Global Mass Surveillance And How Facebook’s Private Army Is Militarizing Our Data

March 19, 2019 in News by RBN Staff

 

Source: Forbes | Kalev Leetaru

Facebook logo. (Jaap Arriens/NurPhoto via Getty Images)GETTY

Last month, Business Insider published an extraordinarily detailed look into the private army protecting Facebook and its founder. While much of the expose revolved around the company’s traditional security measures like armed guards and executive protection details, what stood out was the company’s close relationship with law enforcement and its use of traditional government surveillance technologies from secret cellphone tracking to license plate scanners to the proposed deployment of facial recognition to its global surveillance camera network. What can we learn from the way in which Facebook is in many ways militarizing its two billion users’ data?

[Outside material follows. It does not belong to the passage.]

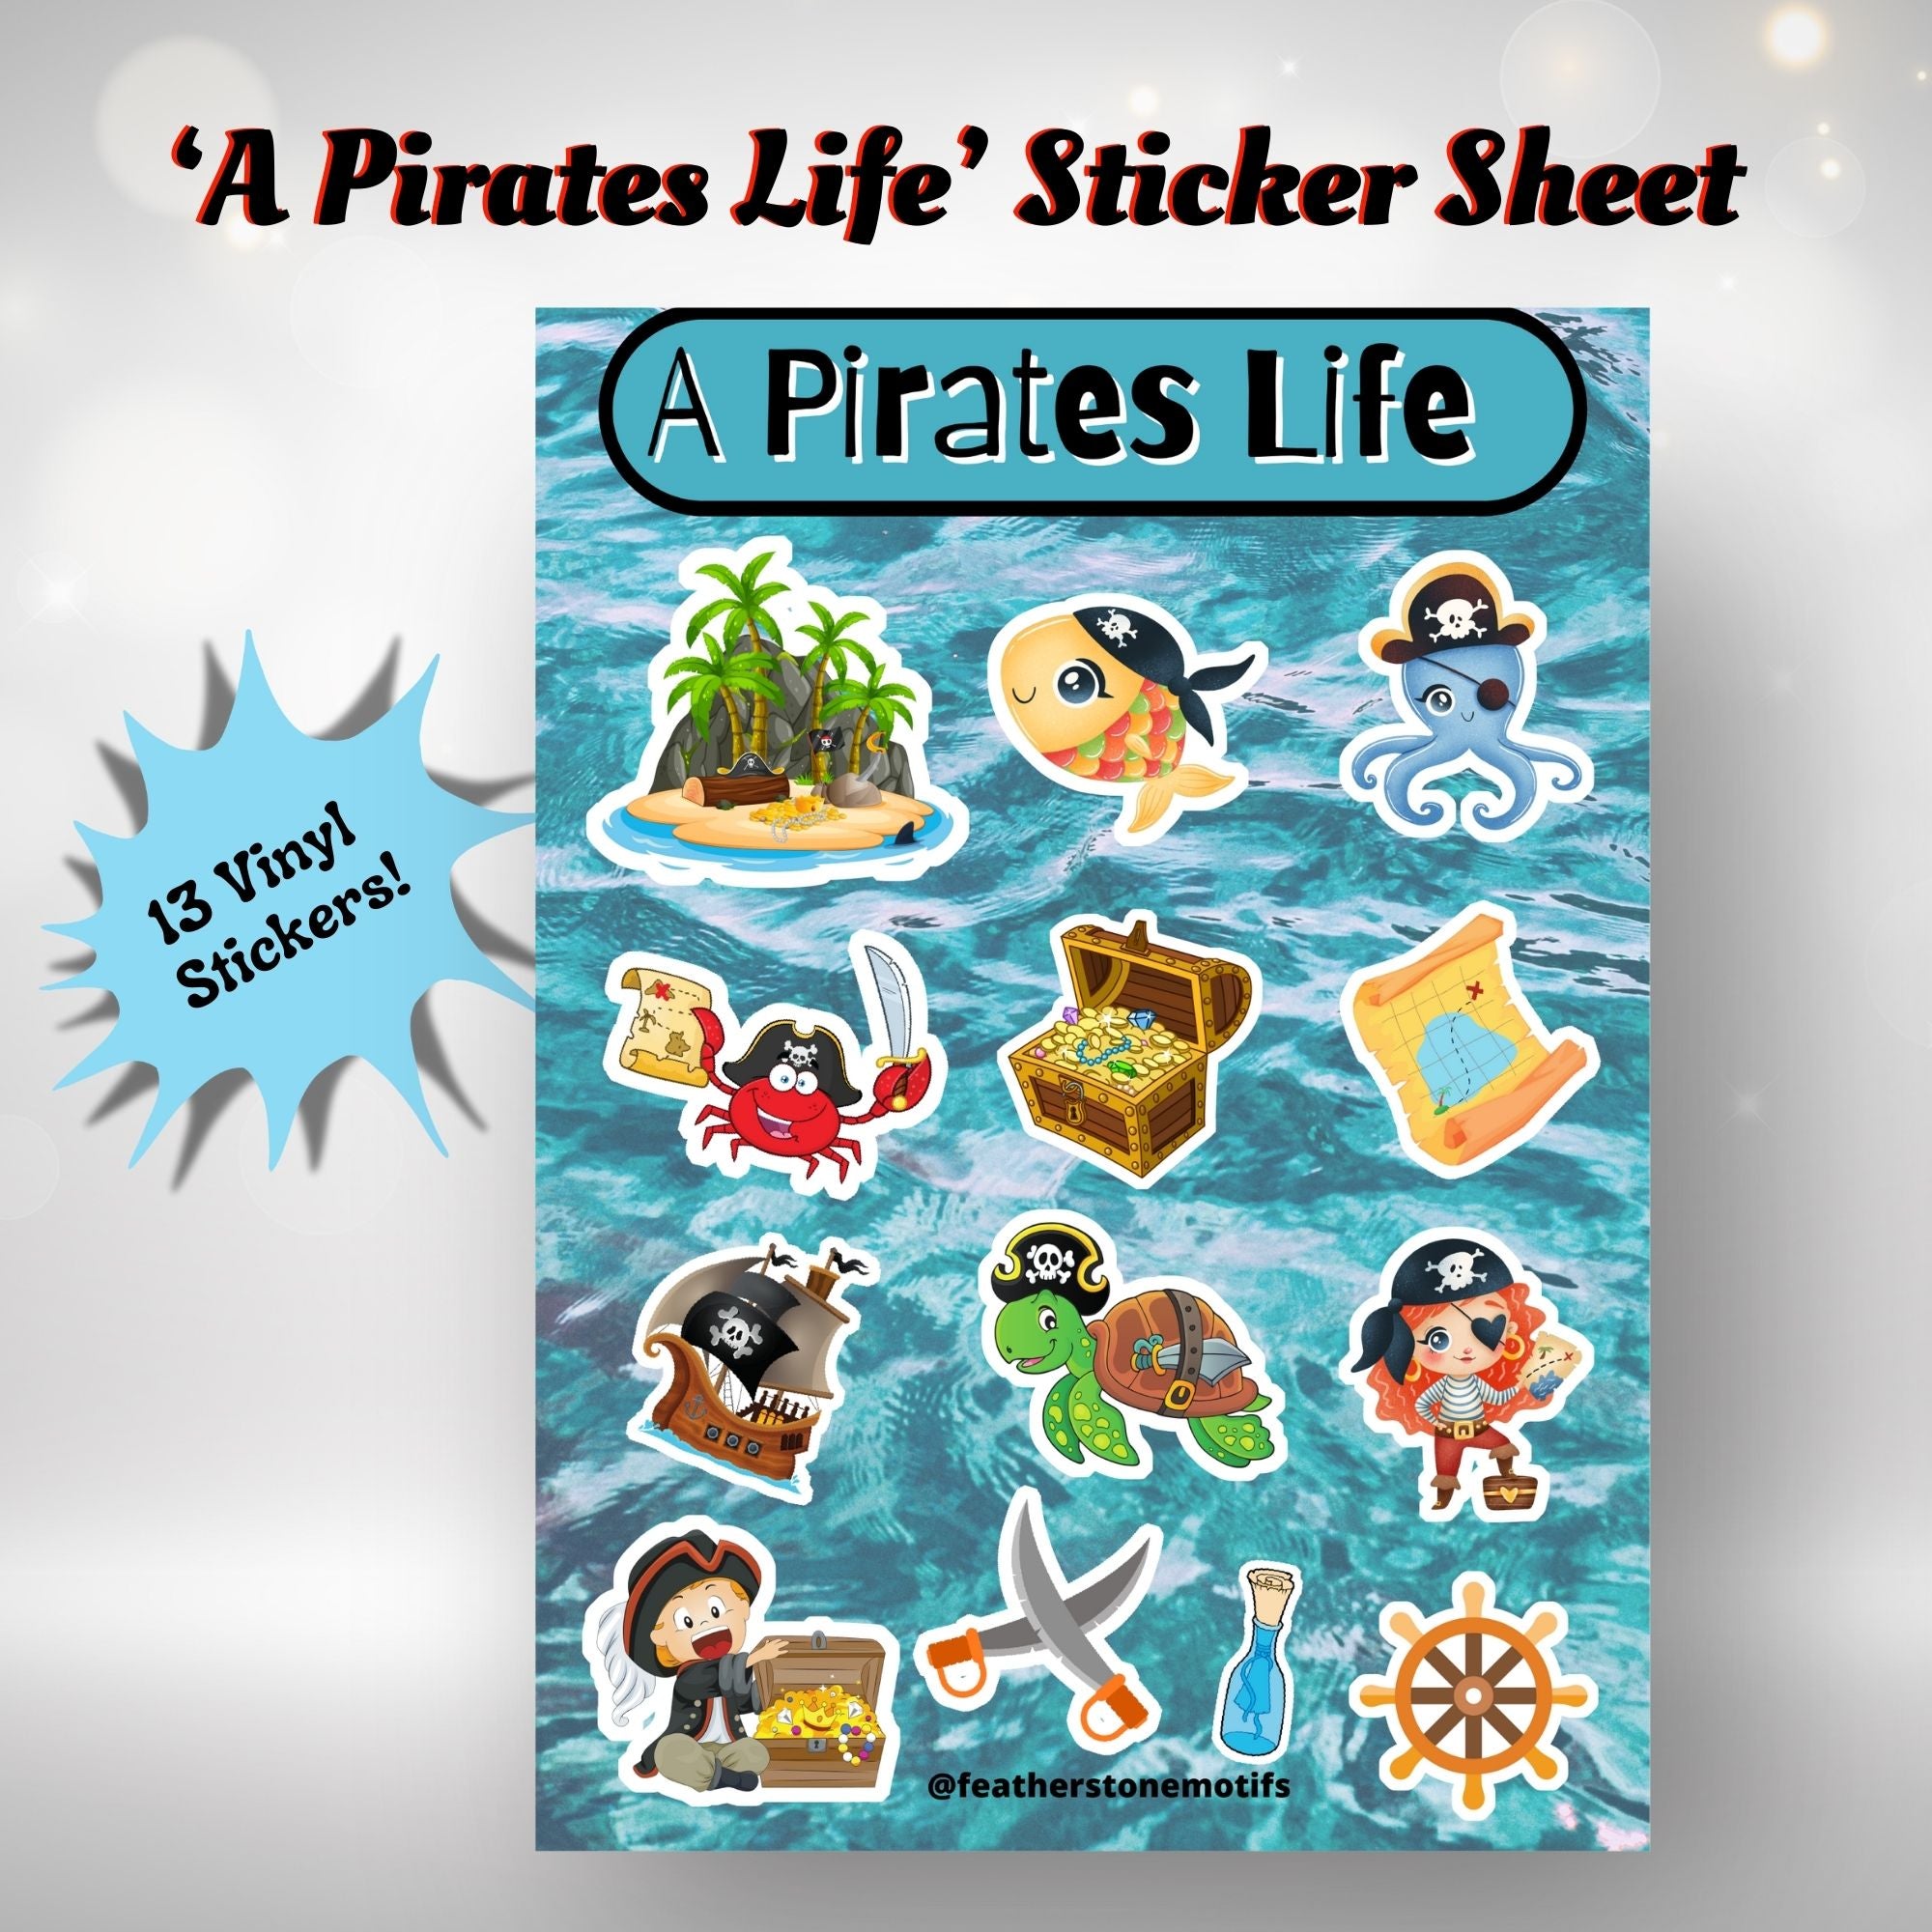 This image shows the Pirate's Life sticker sheet with 13 vinyl stickers that is included in the Pirate themed Camp Postcard Kit.

One of the most notable aspects of last year’s non-stop deluge of privacy and security-related Facebook news is that despite security breach after security breach in which its two billion users’ data was stolen, harvested or otherwise misappropriated by third parties, the company’s own data has remained largely untouched. Despite seemingly unable to secure the most intimate and private information of its users in any way, when it comes to the company’s data, it has a formidable security apparatus that ensures few leaks.

In other words, when it comes to the safety and security of its users, the company has found itself again and again unable to protect them from harm. When it comes to itself, the company has invested heavily in ensuring it does not suffer similar breaches.

It seems this placement of its own safety over that of its users extends to the physical world as well.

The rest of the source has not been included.